▸ **What needs to be done**
Scan the records below for the line with "Method of measuring" and the line with "23138 CCK/W33 Double". Repeat those two lines and every line between them exactly, and nothing else.

▸ **Given information**

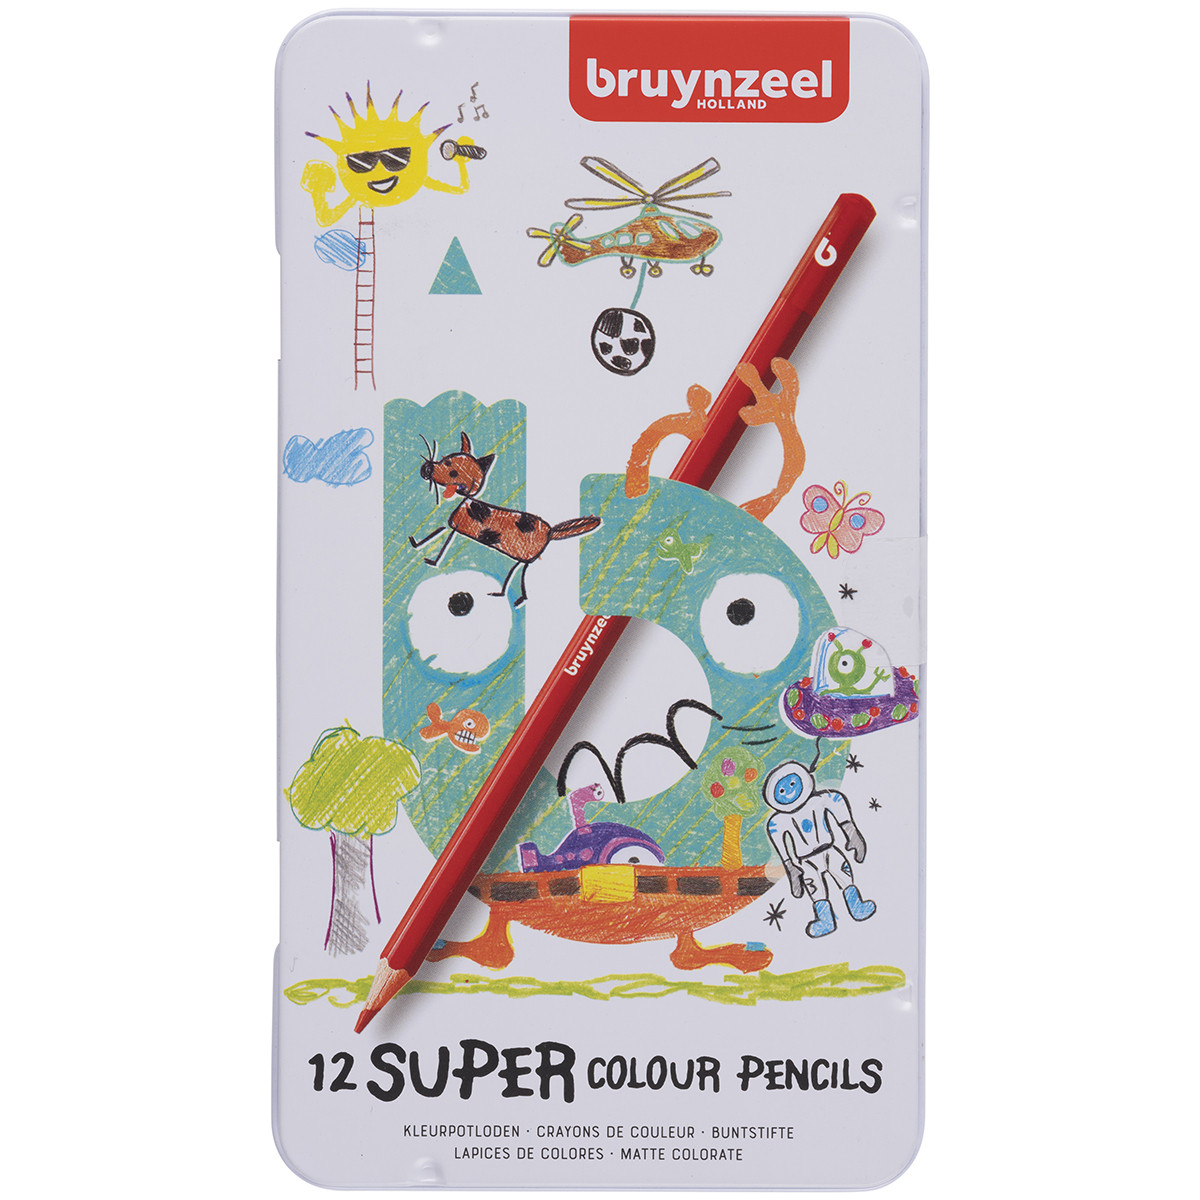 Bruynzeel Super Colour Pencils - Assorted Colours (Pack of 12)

* * *

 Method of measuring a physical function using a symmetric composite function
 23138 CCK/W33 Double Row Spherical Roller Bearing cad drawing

...

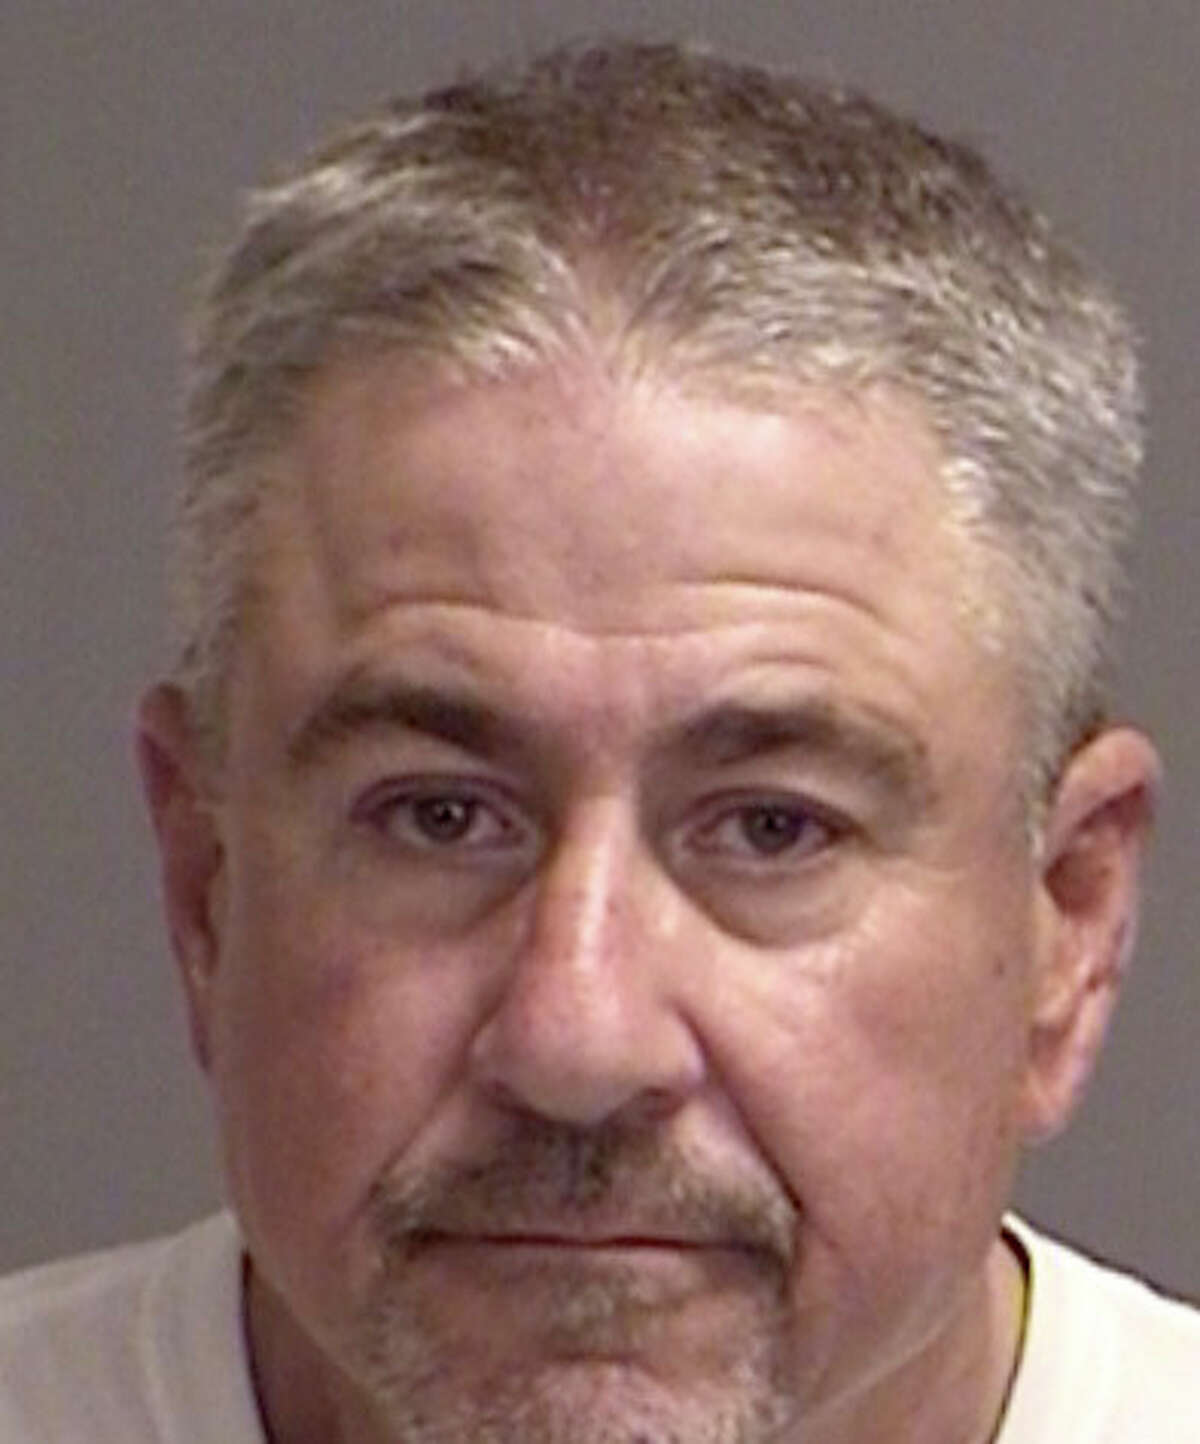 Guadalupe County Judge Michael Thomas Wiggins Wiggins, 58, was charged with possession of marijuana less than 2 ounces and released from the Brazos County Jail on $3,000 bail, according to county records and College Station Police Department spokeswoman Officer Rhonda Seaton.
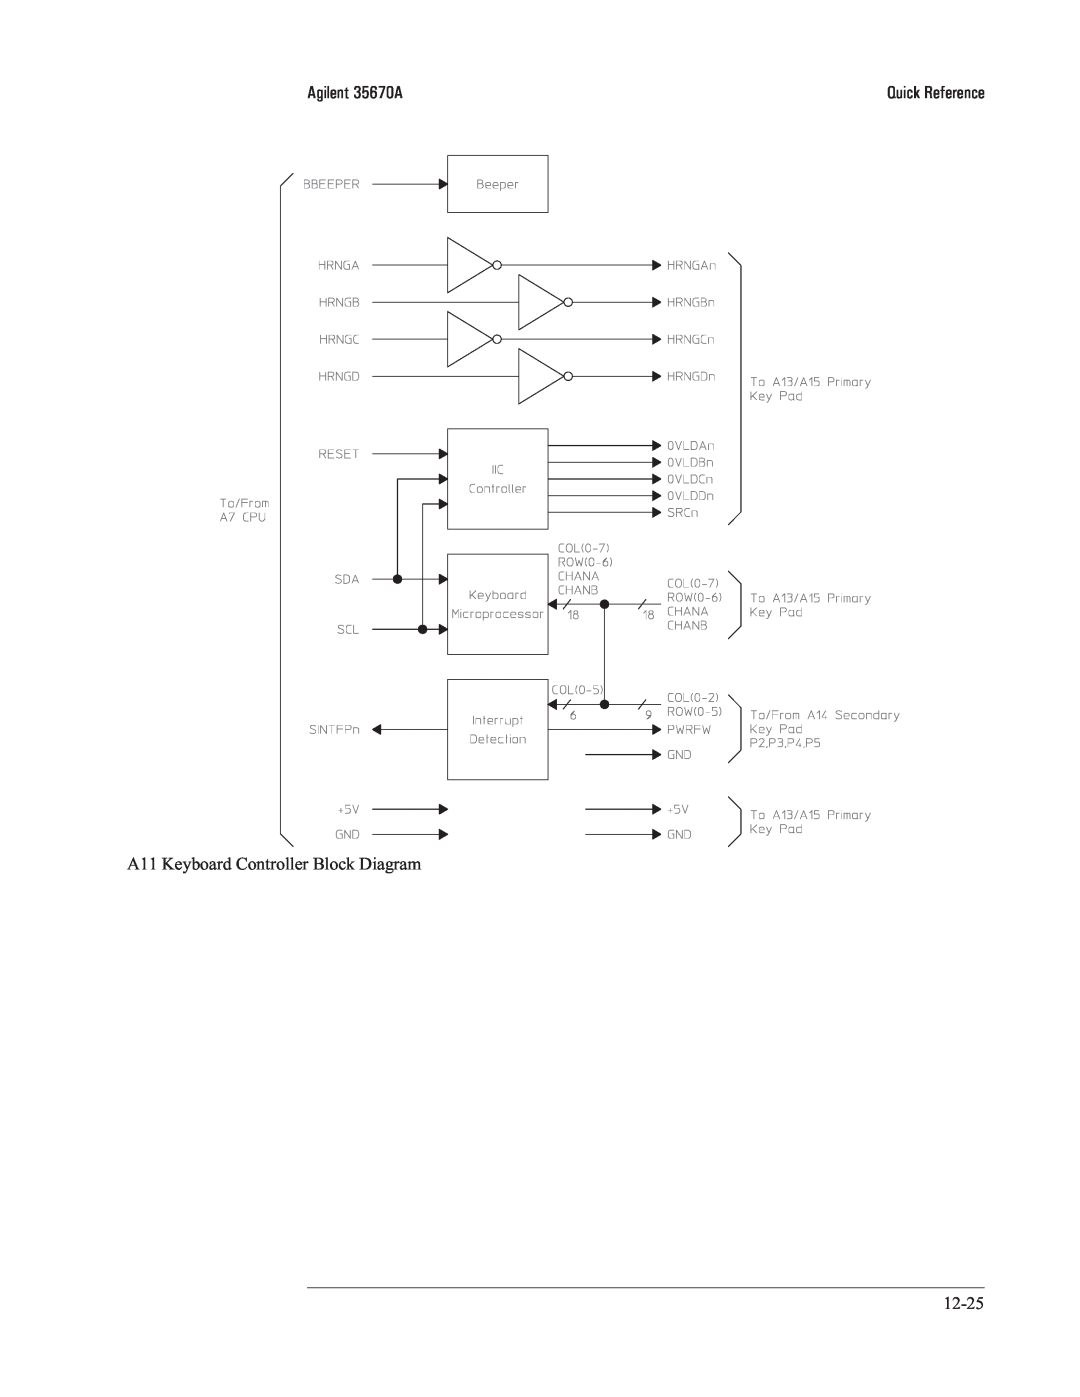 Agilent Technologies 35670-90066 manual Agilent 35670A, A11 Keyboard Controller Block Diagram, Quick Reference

▸ **Written answer**
 Method of measuring a physical function using a symmetric composite function
 23138 CCK/W33 Double Row Spherical Roller Bearing cad drawing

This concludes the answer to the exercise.